Are you looking for a patient-focused, innovation-driven company that will inspire you and support your career? If so, be empowered to take charge of your future at Takeda. Join us as a Manufacturing Associate III in our Brooklyn Park, Minnesota office.

Here, everyone matters and you will be a vital contributor to our inspiring, bold mission. As a Manufacturing Associate III working on the Biologics Manufacturing team, you will be empowered to use your GMP experience to improve process operations and develop a thorough understanding of biologics manufacturing, and a typical day will include:

  • Performing and documenting cGMP activities to support upstream and downstream production areas and operations. This involves operation of process equipment, execution of validation protocols, completion of cGMP documents, creating/ revising cGMP documents and other assignments as directed.
  • Training less experienced manufacturing associates.
  • Supporting/leading deviation investigations and participating in cross functional project teams, supporting technical transfers with relevant teams/individuals.
  • Acting as team lead in absence of a supervisor


  • Perform Processing Steps and/or Manufacturing Support activities, monitoring process against the batch record, SLR and control system.
  • Document/Record cGMP data and information for processing steps and/or equipment activities, following standard operating procedures. Key documentation includes batch records, SLRs, and equipment logbooks.
  • Complete/review validation protocols, deviation reports, change controls in accordance with cGMP’s
  • Perform weighing, dispensing of raw materials for media and buffers
  • Perform preparation of small and large volume media and buffer solutions, filtration and transfer of product
  • Operate bench top equipment including pH, conductivity, osmo meters, pumps, tubing welders, filter integrity testers etc.
  • Dispense, label, transfer/stage raw materials and parts
  • Assemble/disassemble, clean and sterilize of components, parts and equipment
  • Maintain equipment, area and cleaning logbooks
  • Clean sanitizing production rooms and equipment
  • Author/ review/improve SOP’s, batch records, protocols and technical reports
  • Actively participate in training activities, managing their individual training plan.
  • Utilize Manufacturing knowledge to train others, improve process operations and effect positive change and demonstrate ability to troubleshoot moderate to complex mechanical operations.
  • Support/lead deviation investigations and participate in cross functional project teams, support technical transfers with relevant teams/ individuals.
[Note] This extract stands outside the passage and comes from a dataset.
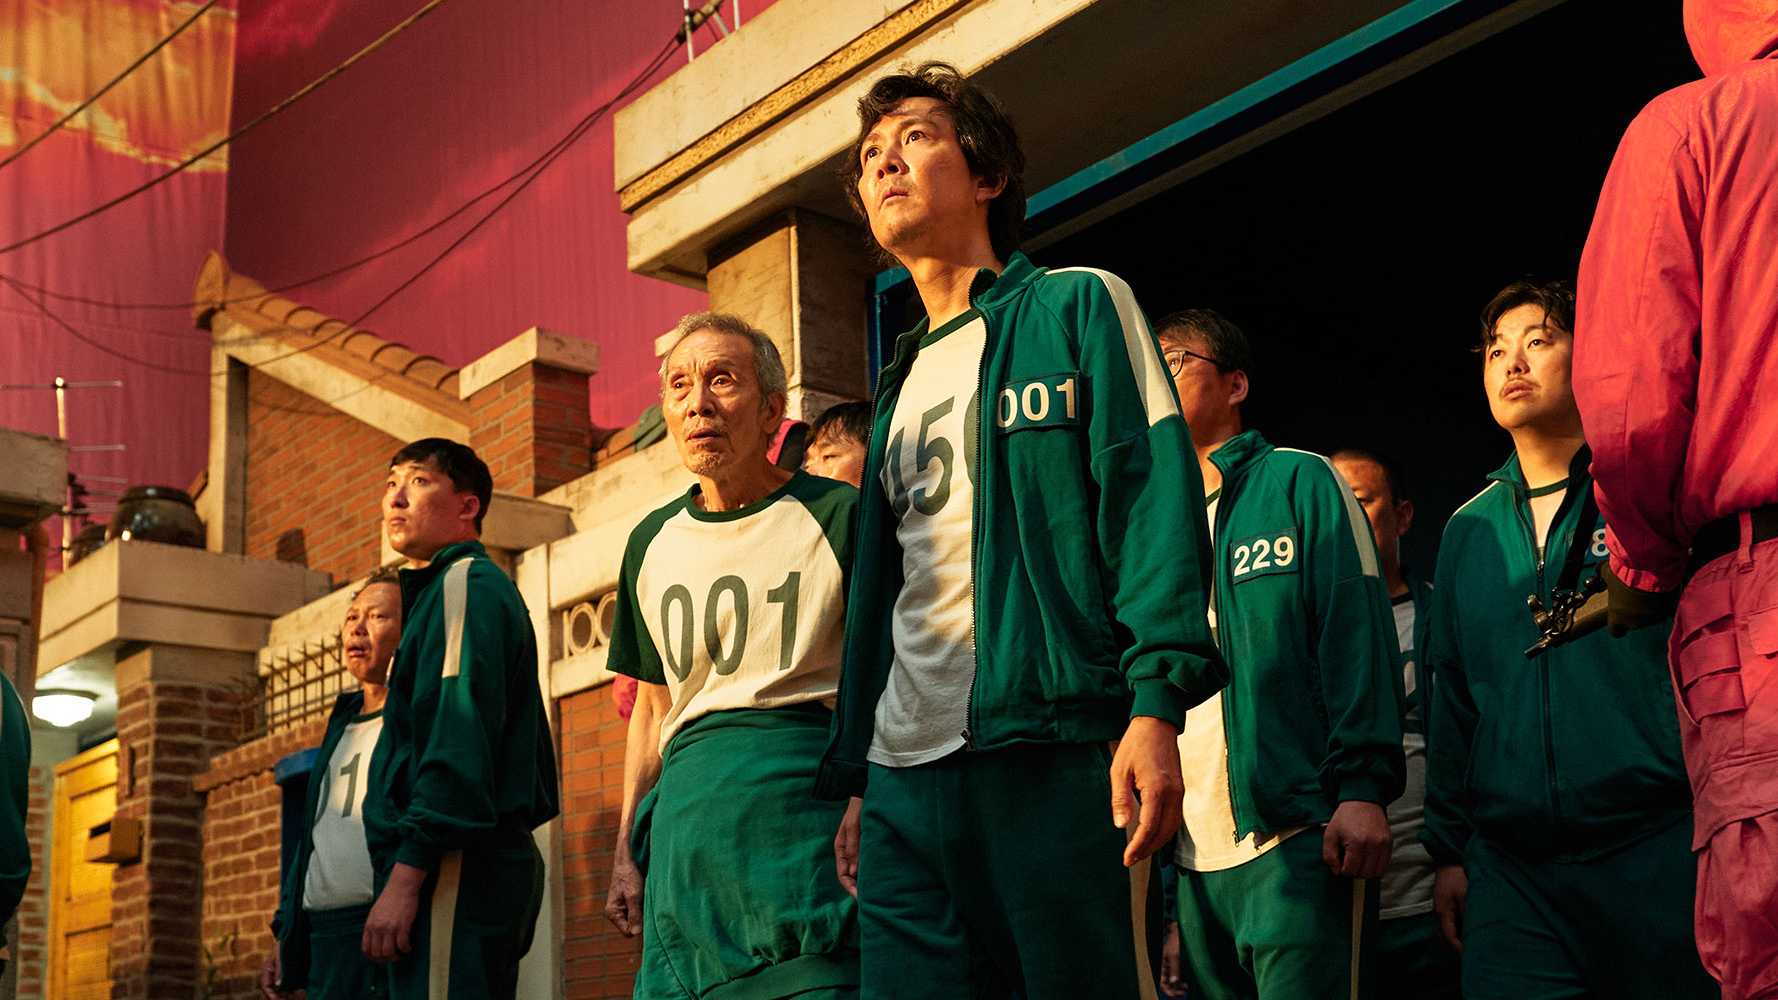 Série sul-coreana 'Round 6', da Netflix, é sucesso mundial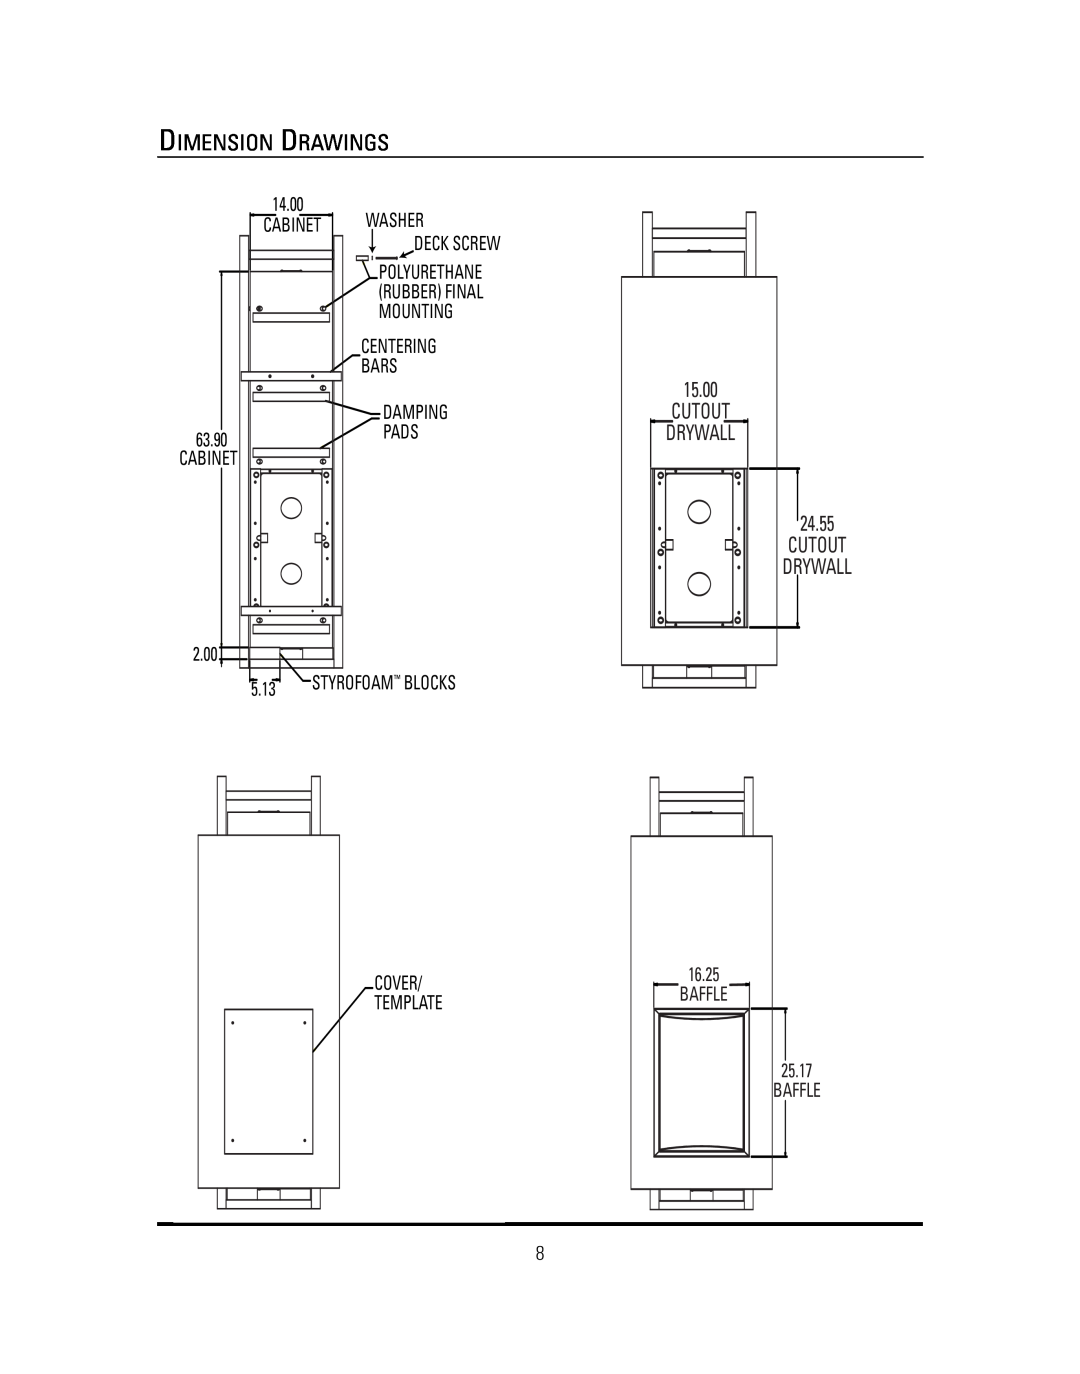 JBL S4S manual Dimension Drawings, Cutout Drywall

  • Good knowledge of current Good Manufacturing Practices (cGMP’s). Working knowledge of all relevant safety procedures within the company. General understanding of most areas in Manufacturing and supporting functional groups.
  • Has a good understanding of cGMP Biotech or Pharmaceutical operations
  • cGMP: Understands cGMP requirements and follows those requirements, including requirements for good documentation practices.
  • Must be team-oriented (proactively builds healthy working relationships between peers, their department and other groups).
  • Possesses good knowledge of non-manufacturing functions such as QC, Regulatory, QA, and/or Materials Management.
  • Possesses a thorough understanding of the scientific theory of biologics manufacturing:
  • Has a good understanding of biotechnology processing - purpose of major unit operations and microbial control concepts
  • Understand routine procedures upon which they have been trained, is able to revise and create new procedures.
  • Possesses good equipment understanding, including understanding equipment function and application.
  • Proficient and knowledgeable in the operation and moderate to complex troubleshooting of two or more manufacturing area’s
  • Ability to train less experienced or new manufacturing associates.
  • Supports deviation investigations. Participates in cross functional projects teams, supports technical transfers with relevant teams/individuals.
  • Proficient in MS Office and related PC skills.

  • Bachelor’s Degree (BS/BA) from an accredited college or university with an emphasis in a scientific or engineering discipline and a minimum of 2-4 years relevant experience, or Associate’s Degree in a scientific or engineering discipline with a minimum of 4-6 years related experience, or High School Diploma with a minimum of 4-8 years relevant experience.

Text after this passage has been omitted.